Les réactions politiques aux propos de Mandon sont révélatrices. Jean-Luc Mélenchon a exprimé son « désaccord total », estimant que le chef d’état-major outrepassait ses fonctions : « Ce n’est pas à lui d’aller inviter les maires ni qui que ce soit à des préparations guerrières décidées par personne : ni le président, ni le gouvernement, ni le Parlement. » Le secrétaire national du PCF, Fabien Roussel, a qualifié l’intervention de « dangereuse » : « 51 000 monuments aux morts dans nos communes, ce n’est pas assez ? »
À droite aussi, le malaise est palpable. Le député RN Sébastien Chenu a réagi en direct sur LCI : « Je ne sais pas par qui est mandaté le chef d’état-major des armées pour tenir ce genre de propos. S’il dit ce que Macron pense, c’est grave. S’il dit ce que Macron ne pense pas, c’est grave. Il dépasse son rôle ! »
Même ceux qui soutiennent le fond du message de Mandon, comme le sénateur LR Cédric Perrin, reconnaissent le problème : « Je pense que le président de la République et le premier ministre n’ont plus la crédibilité nécessaire pour sonner l’alarme.
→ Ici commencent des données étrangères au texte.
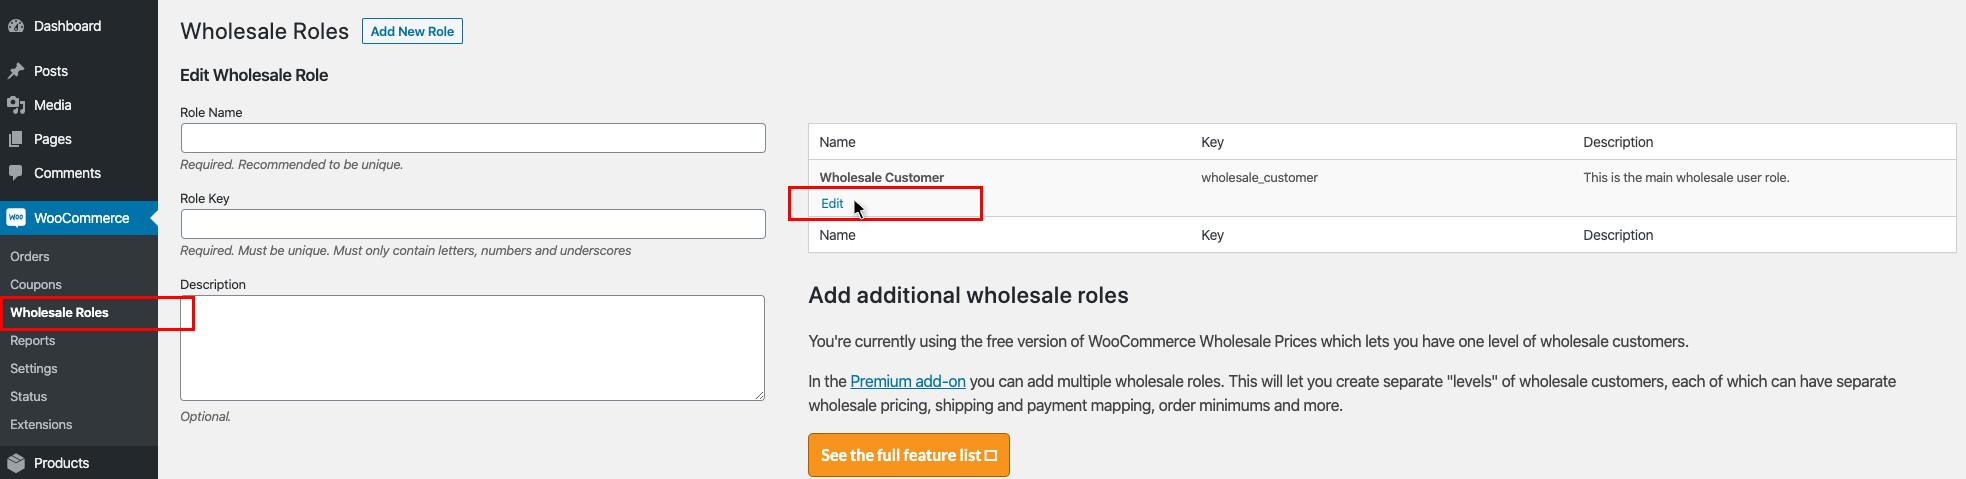 WooCommerce Wholesale Roles

Et le chef d’état-major des armées a la crédibilité pour porter le message. »
C’est là toute l’ambiguïté : le diagnostic de Mandon est une sonnette d’alarme indispensable ; la prescription politique, en revanche, ressemble à un chantage à la survie du régime.
Que faire ?
Nous sommes devant une impasse tragique : nous devons prendre au sérieux la menace d’un conflit, mais nous sommes contraints d’écouter, en serrant les dents, la vérité d’un général qui la met au service d’un président discrédité.
Si l’Europe veut dissuader Moscou, elle doit montrer qu’elle est prête à l’affrontement, non par goût, mais par nécessité. Cela implique :
- Un réarmement industriel massif et rapide : Nous devons passer en économie de défense partielle, augmenter drastiquement notre production de munitions et reconstituer nos stocks. Les chiffres russes sont là pour nous rappeler ce que signifie une vraie économie de guerre.
- Une réforme de la gouvernance stratégique européenne : L’Europe doit cesser de dépendre du parapluie américain et construire sa propre capacité de défense collective. 2027 doit devenir l’année de l’autonomie stratégique européenne, comme l’ont appelé de leurs vœux plusieurs think tanks.
- Une refondation de la légitimité politique : On ne peut pas demander au peuple de consentir au sacrifice sans d’abord restaurer la confiance. Cela passe par la fin de l’hypocrisie, la transparence sur les enjeux, et surtout par l’émergence d’un leadership politique qui incarne autre chose que la survie d’un système à bout de souffle.
Le temps des illusions est révolu. Nos compétiteurs nous écoutent. Nous n’avons plus le luxe de faire semblant, ni celui d’être dirigés par des somnambules. La vraie tragédie est là : nous sommes contraints d’écouter, en serrant les dents, la vérité d’un général, sachant que cette vérité est exploitée par le président le plus rejeté de l’Histoire contemporaine.
La lucidité militaire de Mandon mérite d’être entendue. Mais elle ne pourra produire ses effets que si elle est portée par un leadership politique renouvelé, capable de mobiliser le pays autour d’un projet qui dépasse la simple survie du régime en place.